Все засмеялись, заседание сразу приняло другой характер. Улыбался Кривошапка, внимательно наблюдая за Петром Архипенко, который обрадовался тому, что перестал быть центром внимания.
– Сбежал один шалопай, найдутся другие, получше, на его место! – воскликнул Камышев. – Жаль, что в повестке дня засунули дело Помазуна в отсевки, а нужно было его главным вопросом поставить. Не любил он землю, не чувствовал ее. Земля легкого поведения не выносит. Она отомстит. Нищий буду, а от нее не уйду, не покину ее. Не потому, Латышев, что я путиловский пролетарий и мне повезло к чернозему прикантоваться. Нелегко тут у нас, на Кубани, потому, на виду. Был я в Ленинграде, иссяк белый хлеб за Нарвской заставой. Ну, витать, всего-навсего перебой в товаропроводящей епархии. Сейчас родичи ко мне с вопросом: на Кубани неурожаи? О Кубани и сказок много, и нелепостей. Одним сдается, что тут народ только на гармошках играет и лозу с коня рубает; другим – что тут одни лодыри царя небесного живут, сунул дышло – тарантас вырос; третьи просто не доверяют ни нашим радостям, ни нашим печалям. Чуть что: «А вы бы попробовали в Калуцкой погарцевать на кислоземье и суглинках!»
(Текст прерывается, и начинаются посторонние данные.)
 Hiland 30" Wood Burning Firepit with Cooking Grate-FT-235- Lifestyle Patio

Пусть уходит с правления старшина Петр Архипенко, поддержим его желание не потерять последний вечер на заседании, а тем более в одиночестве. Ждет его Маруся возле колхозного клуба, вот-вот начнется интересный фильм, спешит к ней Петр Архипенко, не разбирая, где тропка, где застаревшая, ломкая и пыльная лебеда, стреляющая под ногами, как из ружья. Не будем мешать последнему свиданию, поговорим еще о Кубани, продолжив мысли Михаила Тимофеевича Камышева.
Было время, когда хмельно и просторно лежали нетронутые степи, те самые, где кочевали дикие племена, степи, по которым пролетали монгольские орды, откуда безвозвратно ушло скифское степное рыцарство, зоревая отрасль славянского могучего древа.
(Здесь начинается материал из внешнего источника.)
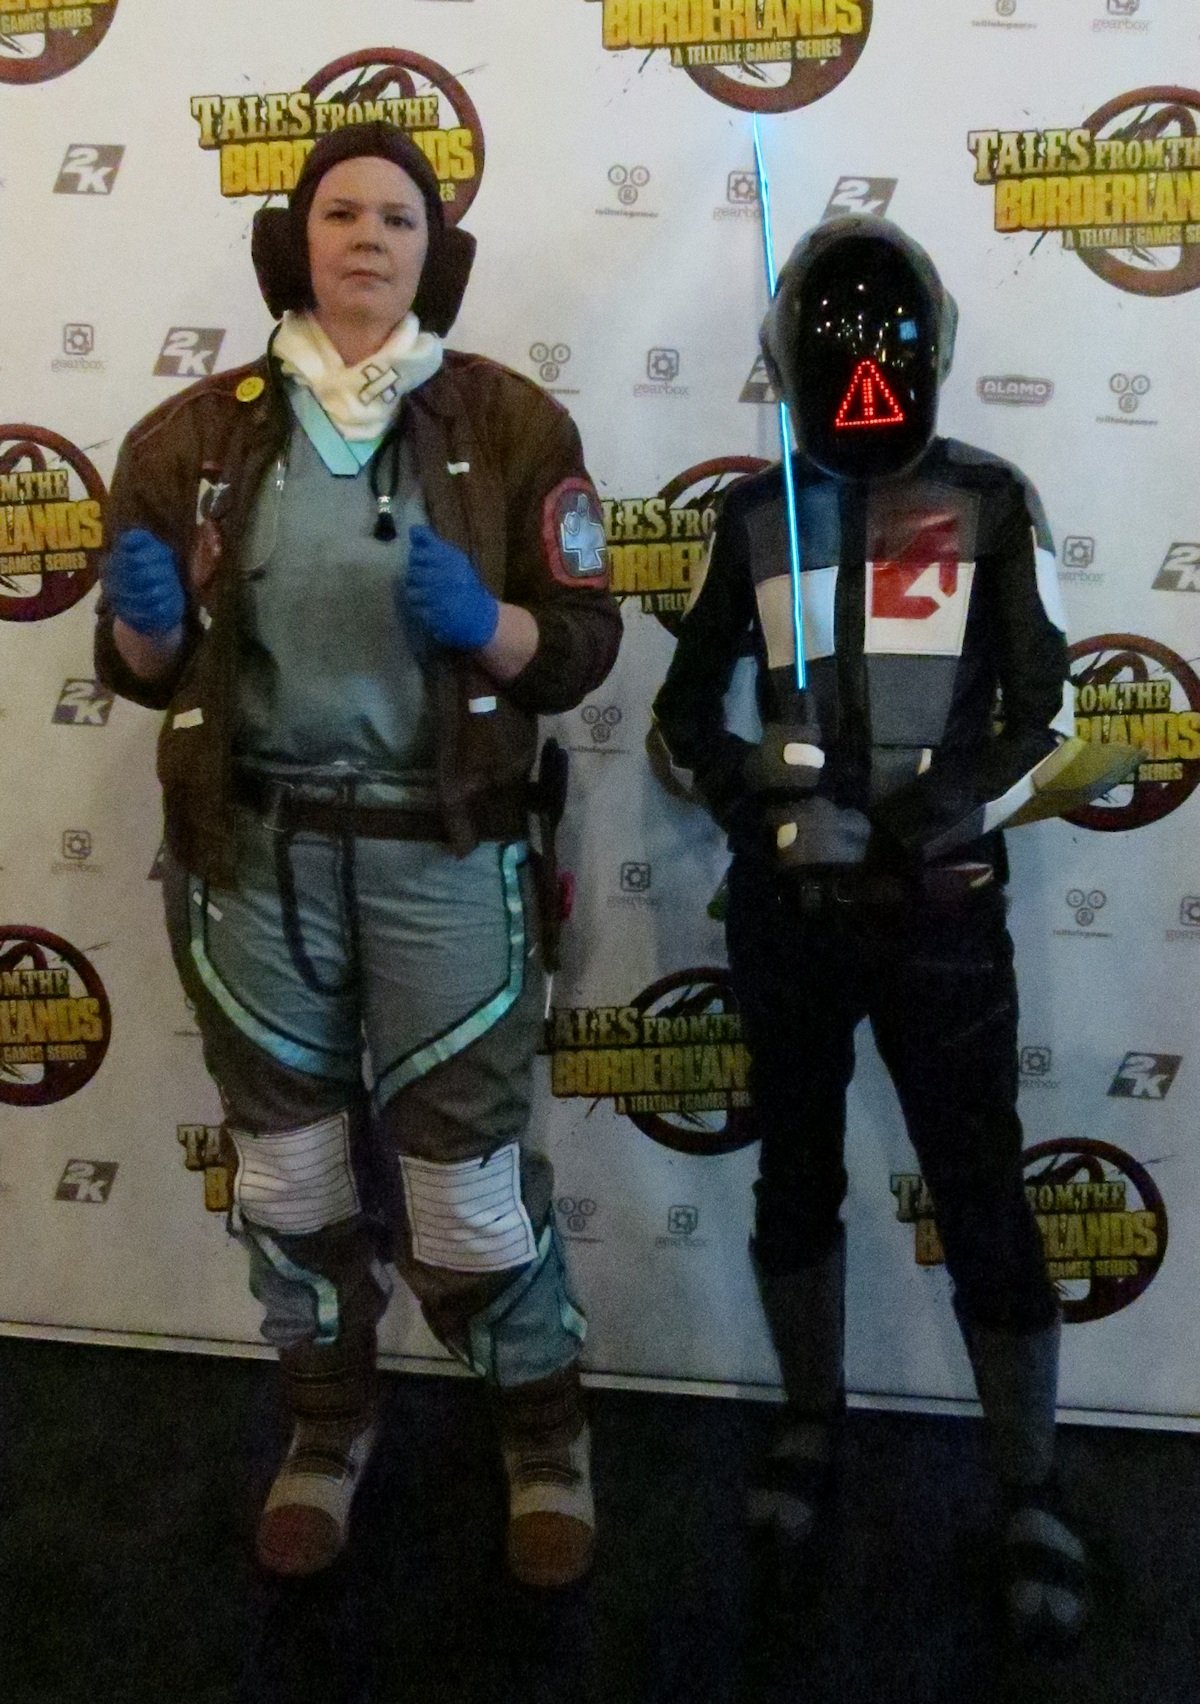 Tales from the Borderlands premiere cosplayers

Запорожская вольница недолго горевала по дедовским приднепровским раздольям. Боевые курени сечевого товарищества встречала не менее яркая природа, нехоженая и неезженая великая равнина, делай с ней что хочешь! Вначале никто не думал о дополнительной силе удобрений, и перегнойные навозы за ненадобностью вываливали в балки – все это богатство не сформуешь в кизяки.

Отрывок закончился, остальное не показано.